Mailbox Monday, created by Marcia at To Be Continued, formerly The Printed Page, has a permanent home at its own blog.

To check out what everyone has received over the last week, visit the blog and check out the links.  Leave yours too.

Also, each week, Leslie, Vicki, and I will share the Books that Caught Our Eye from everyone’s weekly links.

Here’s what I received:

1.  Puckster’s Christmas Hockey Tournament by Lorna Schultz Nicholson, Illustrated by Kelly Findley for review from LibraryThing Early Reviewers.

In Puckster’s Christmas Hockey Tournament, it is Christmas Eve and Puckster is nervously watching the heavy snowfall gather on the ground and in the trees. It is his first Christmas away from home and though he is excited to be with Team Canada at the World Junior Hockey Tournament, he is afraid that the winter storm will prevent his family and friends from traveling to the remote arena and arrive in time for Christmas morning.

But there is another traveler that Puckster and the players are excited to see this Christmas. Santa! When the heavy snow forces the closure of the roads, only Santa and his team of reindeer can help. Will everyone be together for Christmas? In this magical story of friendship, young hockey fans learn the true meaning of the holidays. Puckster’s Christmas Hockey Tournament is destined to be a holiday classic.

2. The World Is On Fire: Scrap, Treasure, and Songs of the Apocalypse by Joni Tevis, a surprise from Milkweed Editions.

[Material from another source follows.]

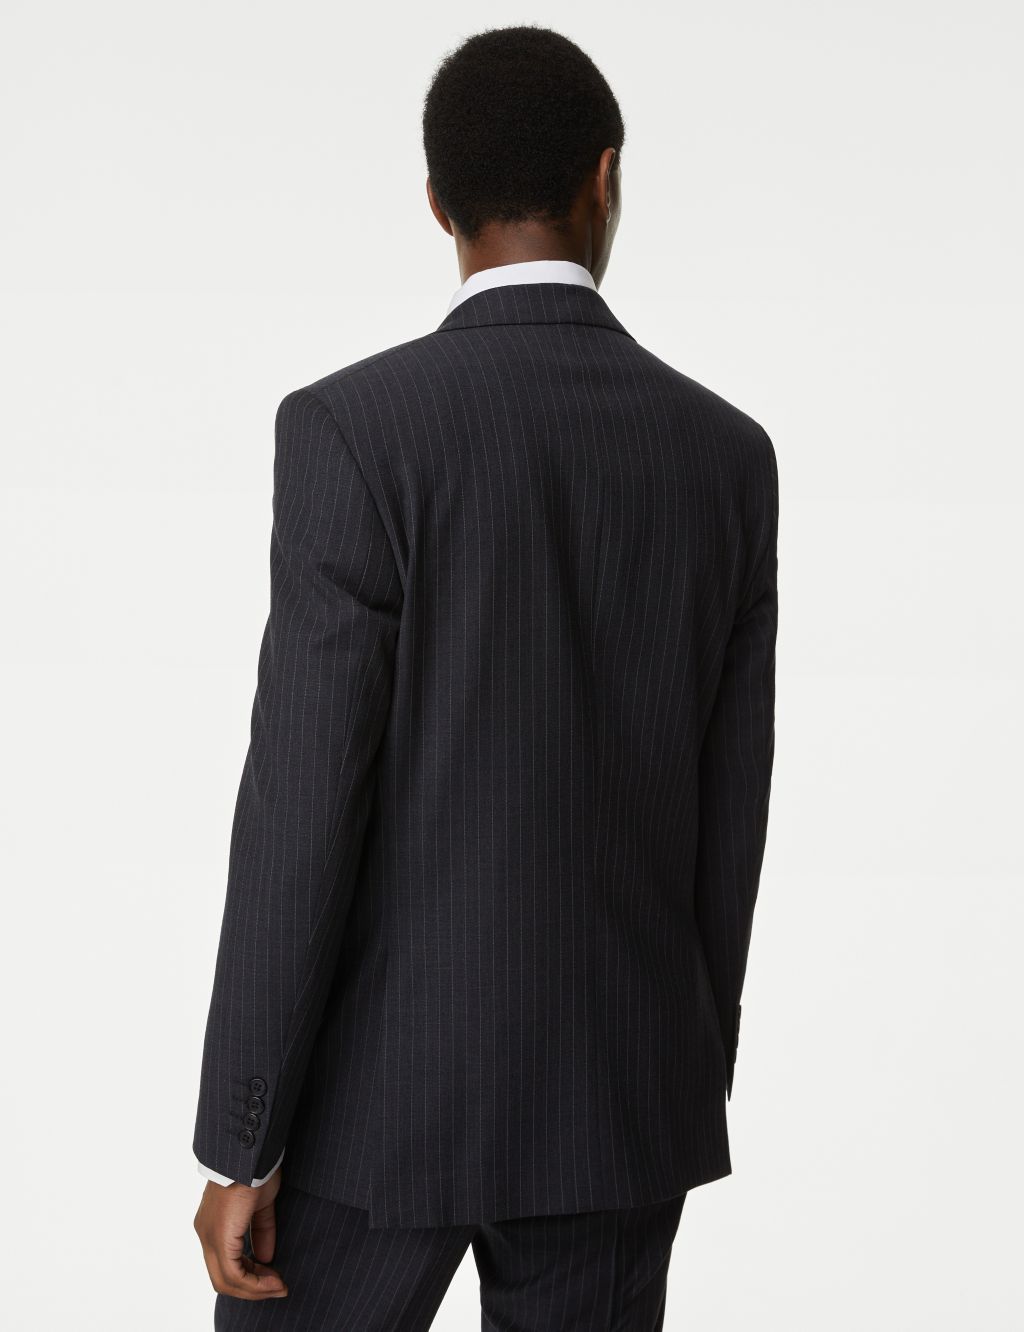 The Ultimate Tailored Fit Pinstripe Jacket image 5
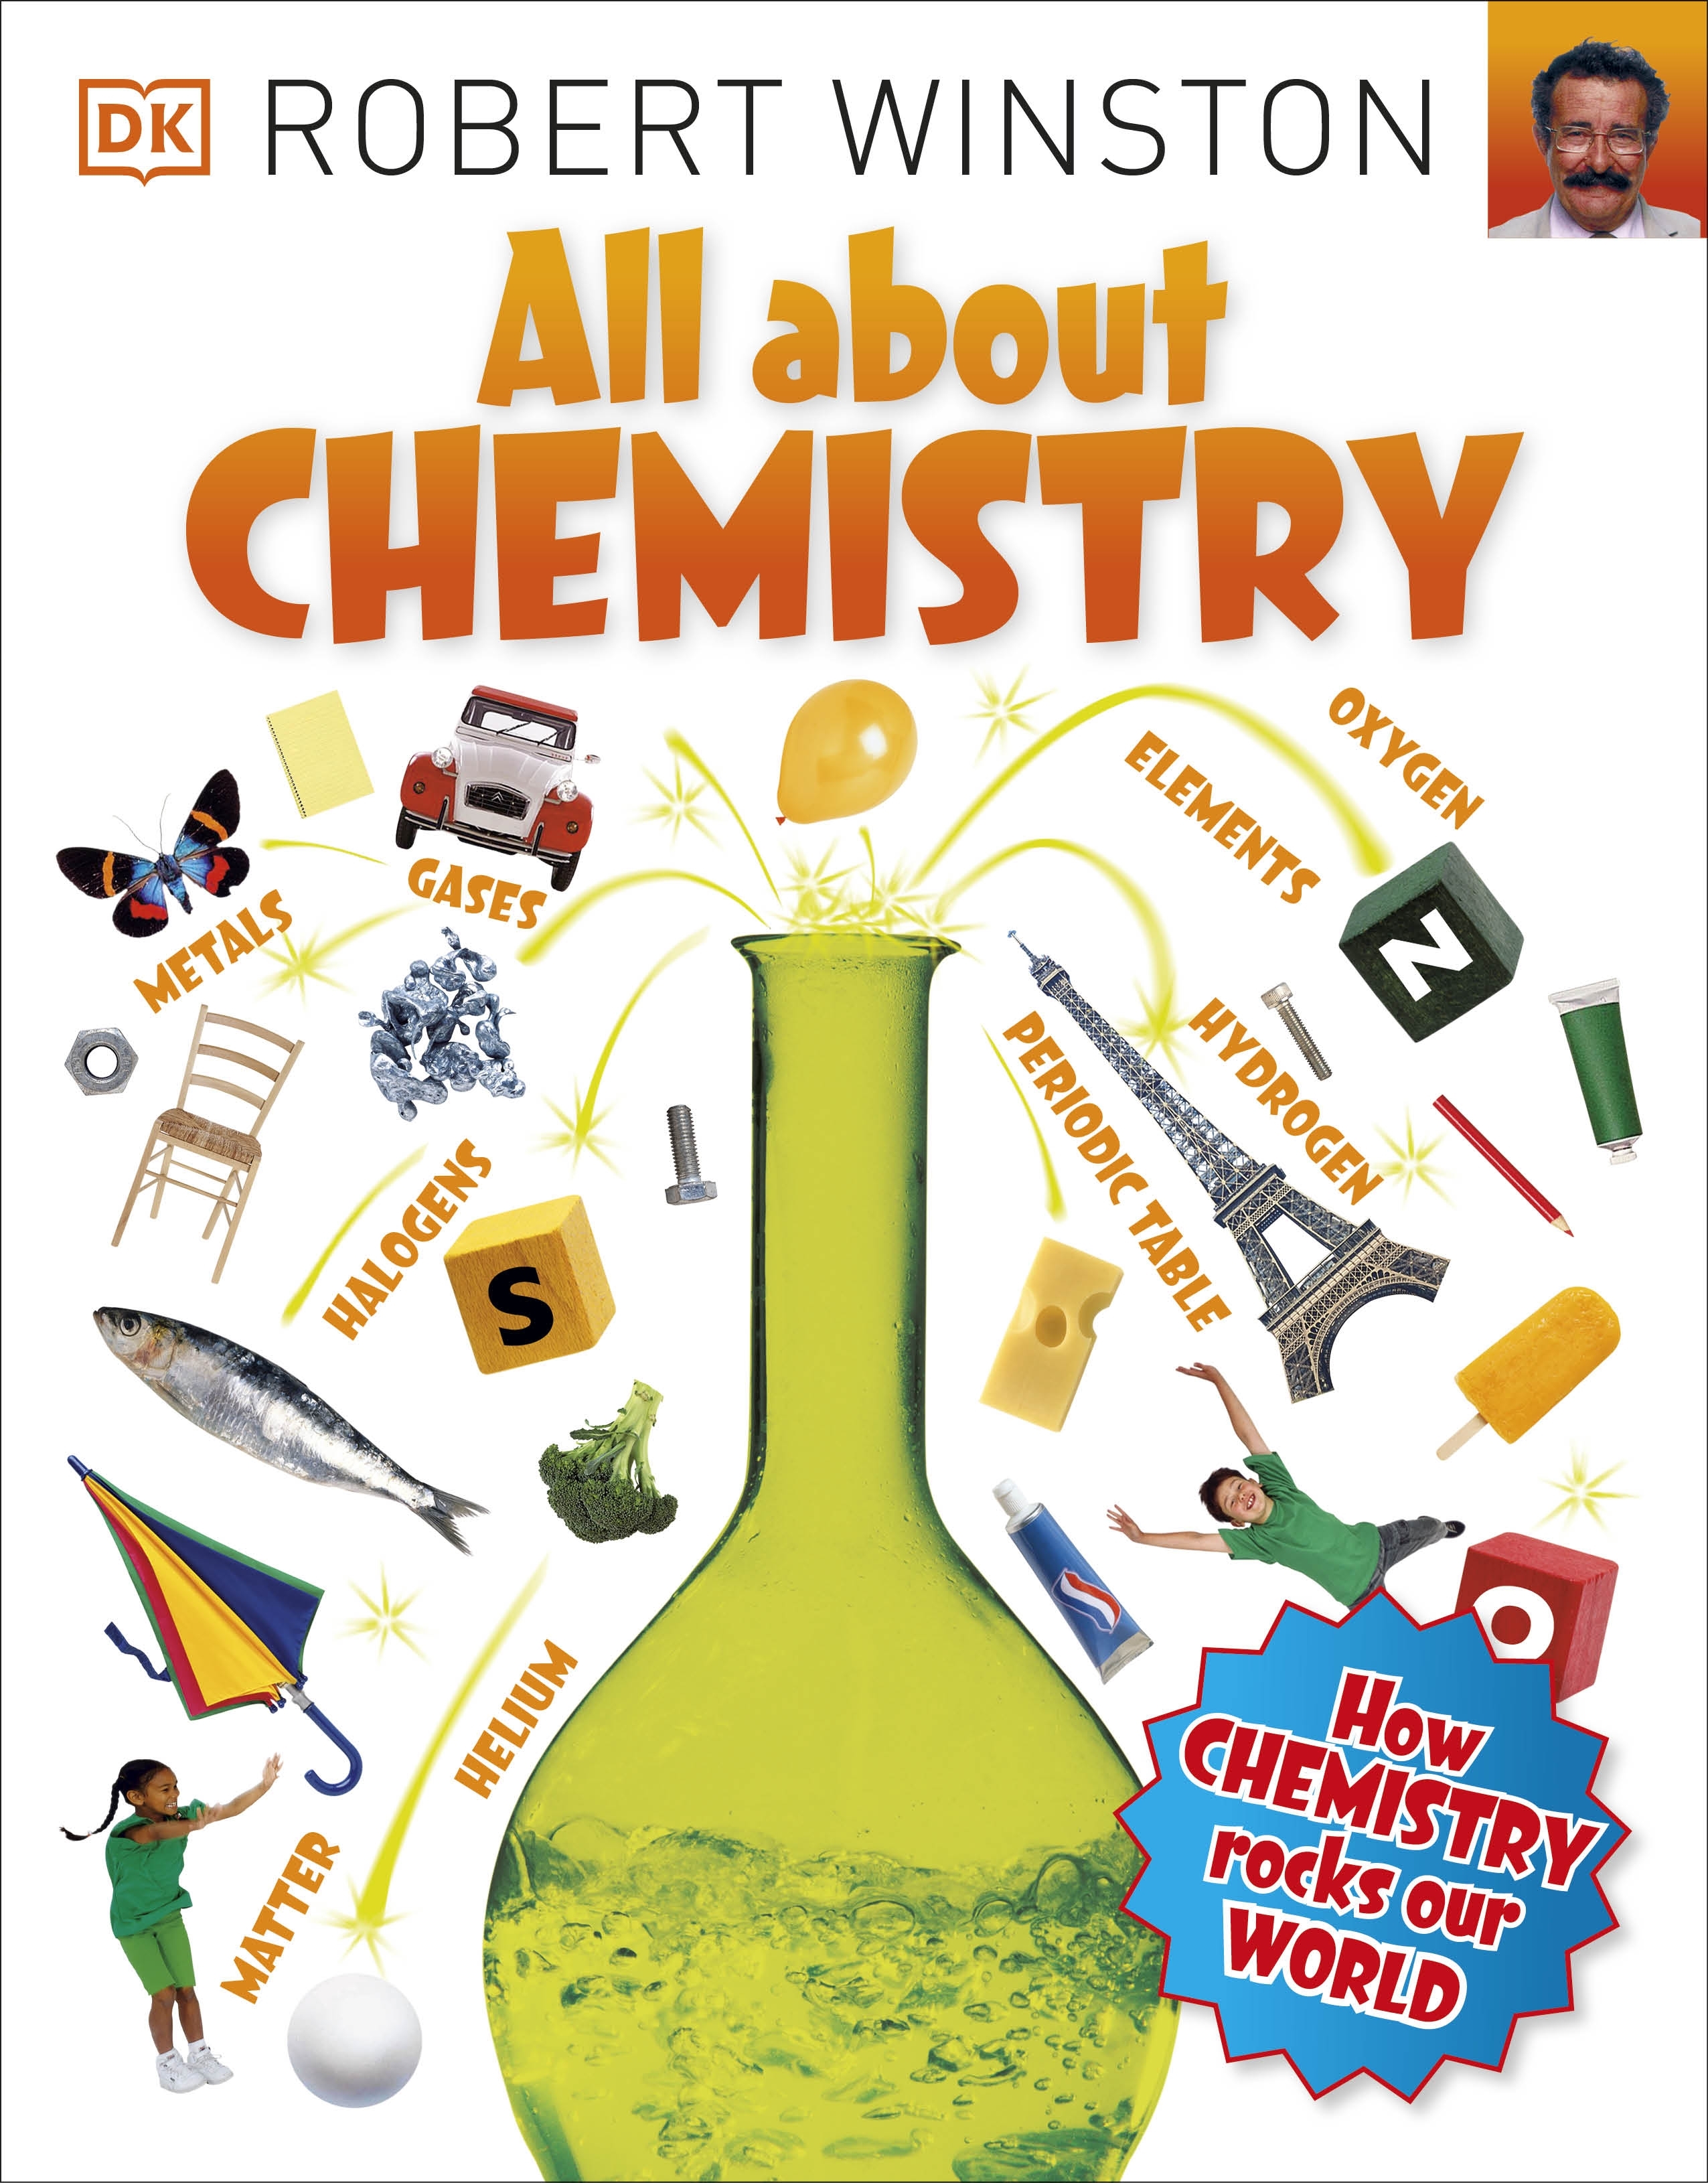 review book lessons in chemistry

Marked by the end-times sermons of her Southern youth, Joni Tevis has spent her life both haunted by and drawn to visions of apocalypse: Nuclear fallout, economic collapse, personal tragedy. This collection follows the pilgrimage she undertook to put her childhood dread to rest. Standing at Buddy Holly’s memorial in the middle of a farmer’s field recalls Doom Town—the model American suburb built in the Nevada desert to measure the devastation of a nuclear bomb. Wandering the abandoned shop floors of shuttered factories in her hometown conjures landscapes submerged by flooding. And her visceral experience of remote Alaskan wilderness merges into a meditation on the sublime instinctual joy, as well as the unutterable sorrow, that can result from a woman carrying a child in her body.

3. Stella Rose by Tammy Flanders Hetrick, a surprise from Caitlin Hamilton Marketing.

Before her death, Stella Rose asks her best friend, Abby, to take care of her sixteen-year-old daughter, and Abby does the only thing she can: she says yes. After Stella s death, Abby moves to Stella s house in rural Vermont and struggles to connect with Olivia, who immediately begins to engage in disturbing behavior starting with ditching her old group of friends for a crowd of dubious characters. As the fog of grief lifts, Abby reconnects with old friends, enlists the aid of Olivia s school guidance counselor, and partners with Betsy, another single mom, in an effort to keep tabs on the headstrong teenager she s suddenly found herself responsible for but despite her best efforts, she is unable to keep Olivia from self-destruction. As Abby s journey unfolds, she grapples with raising a grieving teenager, realizes she didn’t know Stella as well as she thought, falls in love twice and discovers just how far she will go to save the most precious thing in her life.”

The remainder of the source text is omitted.